Attrition When outcomes for some subjects are not measured. This might be caused, for example, by people migrating, refusing to respond to endline surveys, or dying. This is especially problematic for inference when it is correlated with treatment status.
Compliance A unit’s treatment status matches its assigned treatment condition. Example of non-compliance: a unit assigned to treatment doesn’t take it. Example of compliance: a unit assigned to control does not take treatment.
Compliance types There are four types of units in terms of compliance:
- Compliers Units that would take treatment if assigned to treatment and would be untreated if assigned to control.
- Always-takers Units that would take treatment if assigned to treatment and if assigned to control.
- Never-takers Units that would be untreated if assigned to treatment and if assigned to control.
- Defiers Units that would be untreated if assigned to treatment and would take treatment if assigned to control.
One-sided non-compliance The experiment has only compliers and either always-takers or never-takers. Usually, we think of one-sided non-compliance as having only never-takers and compliers, meaning that that local average treatment effect is the effect of treatment on the treated.
Two-sided non-compliance The experiment may have all four latent groups.
Encouragement design An experiment that randomizes \(T\) (treatment assignment), and we measure \(D\) (whether the unit takes treatment) and \(Y\) (outcome). We can estimate the ITT and the LATE (local average treatment effect, aka CACE—complier average causal effect). It requires three assumptions.

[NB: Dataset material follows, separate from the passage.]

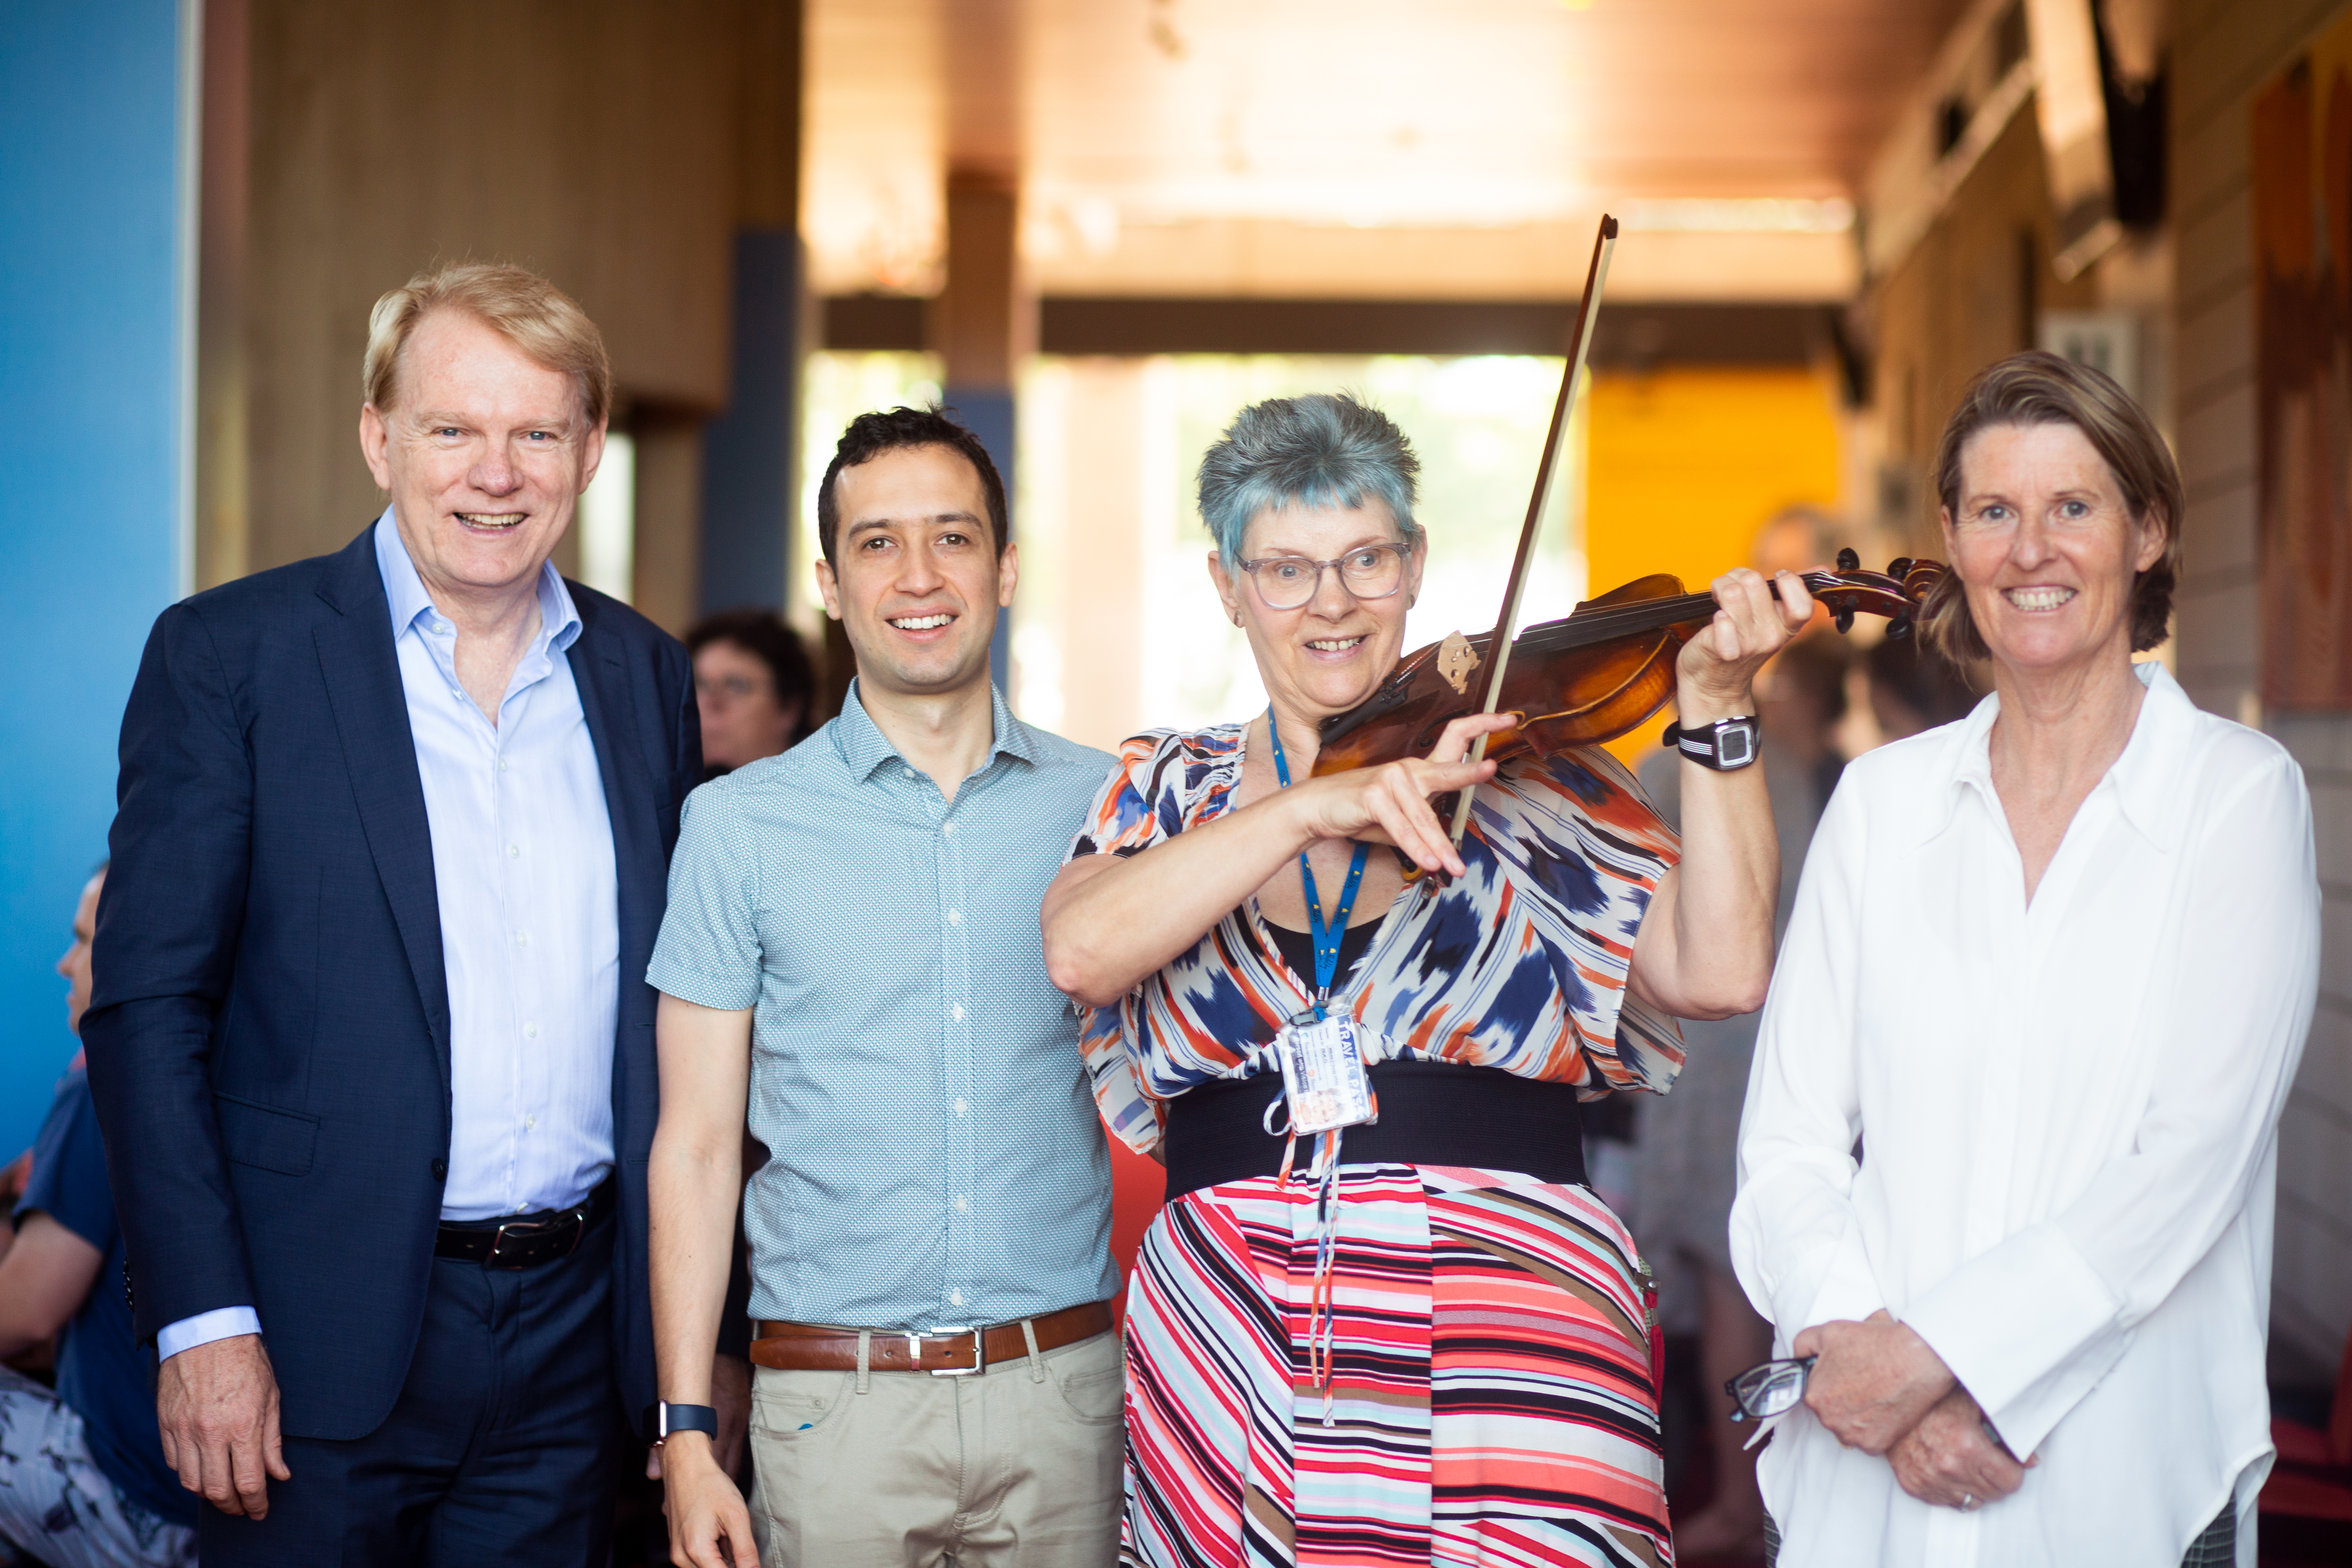 CEO of WASO Mark Coughlan, violinist, Wilma and a WASO staff member standing together, Wilma is playing the violin. Photos by Alanna Kusin, WASO.

- Monotonicity Assumption of either no defiers or no compliers. Usually we assume no defiers which means that the effect of assignment on take up of treatment is either positive or zero but not negative.
- First stage Assumption that there is an effect of \(T\) on \(D\).
- Exclusion restriction Assumption that \(T\) affects \(Y\) only through \(D\). This is usually the most problematic assumption.
Intention-to-treat effect (ITT) The effect of \(T\) (treatment assignment) on \(Y\).
Local average treatment effect (LATE) The effect of \(D\) (taking treatment) on \(Y\) for compliers. Also known as the complier average causal effect (CACE). Under the exclusion restriction and monotonicity, the LATE is equal to ITT divided by the proportion of your sample who are compliers.
Downstream experiment An encouragement design study that takes advantage of the randomization of \(T\) by a previous study. The outcome from that previous study is the \(D\) in the downstream experiment.